Alongside my large selection of "visionary" projects, there are a small
number of interesting side ideas. These get picked up whenever I have time,
or lack the necessary reference material to hand for my larger project. As happens on the train home.
Yesterday I converted a Word document listing of cocktails into a simple HTML file.
The process was simple: Word into plain text. Plain text into XML, courtesy of
Perl. And then XML into HTML with an XSL style sheet.
I first wrote a very simple Perl script that relied completely on the
cocktails list data format, as I saw it. When I ran the script:perl drinksfix.pl <cocktails.txt >cocktails.xml
against the real data. there were a couple of problems.
The usual problem of & becoming & was easy to fix, the conversion of
ã (and all the variations present) was not. This took about half an hour of to'ing and fro'ing. Oh! for Internet connectivity on South West Trains!
Then I found a couple of oddities in the format itself, which broke the simplistic
Perl code. I fixed the cocktails.txt source, since this was a once off job.
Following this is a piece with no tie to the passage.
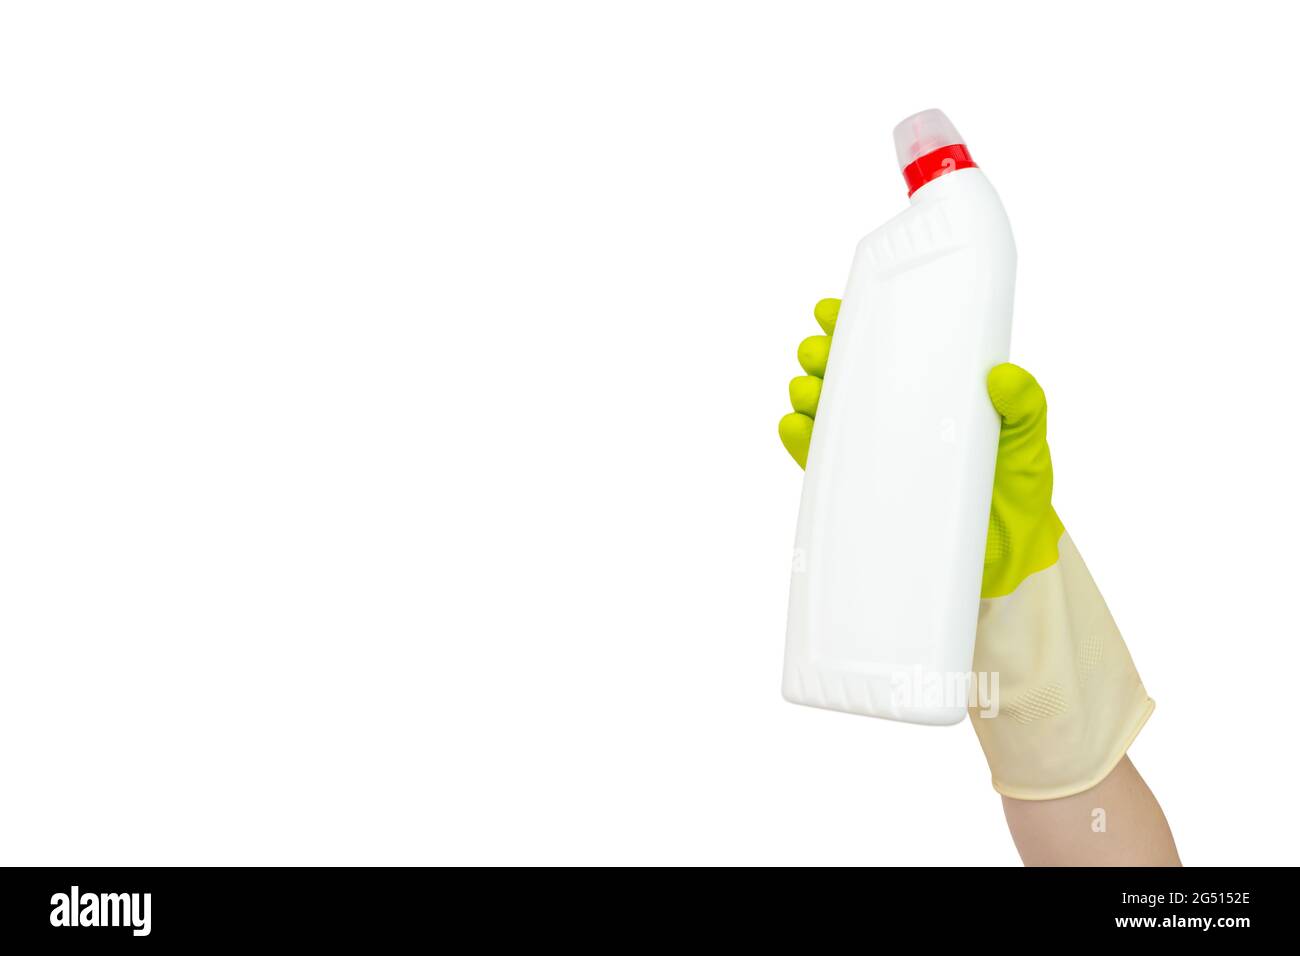 Concept de nettoyage de ressort. Vue de dessus de la main dans des gants en caoutchouc jaune tenant une bouteille blanche avec un détergent liquide. Concept de fournitures de nettoyage. Désinfection Banque D'Images

The XML was
soon well formed.
It was then a simple case of generating an XSL stylesheet to convert it into HTML. Here you must remember that you need:
<xsl:text disable-output-escaping="yes">
to include HTML tags, like anchors, in the output.
Under Windows, the conversion process is simply:msxsl cocktails.xml basic_cocktails.xsl >cocktail_list.html
The layout is simple and functional, and I added an index to the end, just for
fun. The complete source code (plus data files) are released under the GPL and held here. With the cocktail list standing at 800K, it is held here, if you want to see the very unpretty output. But it'll be quicker to download the zip and decompress locally.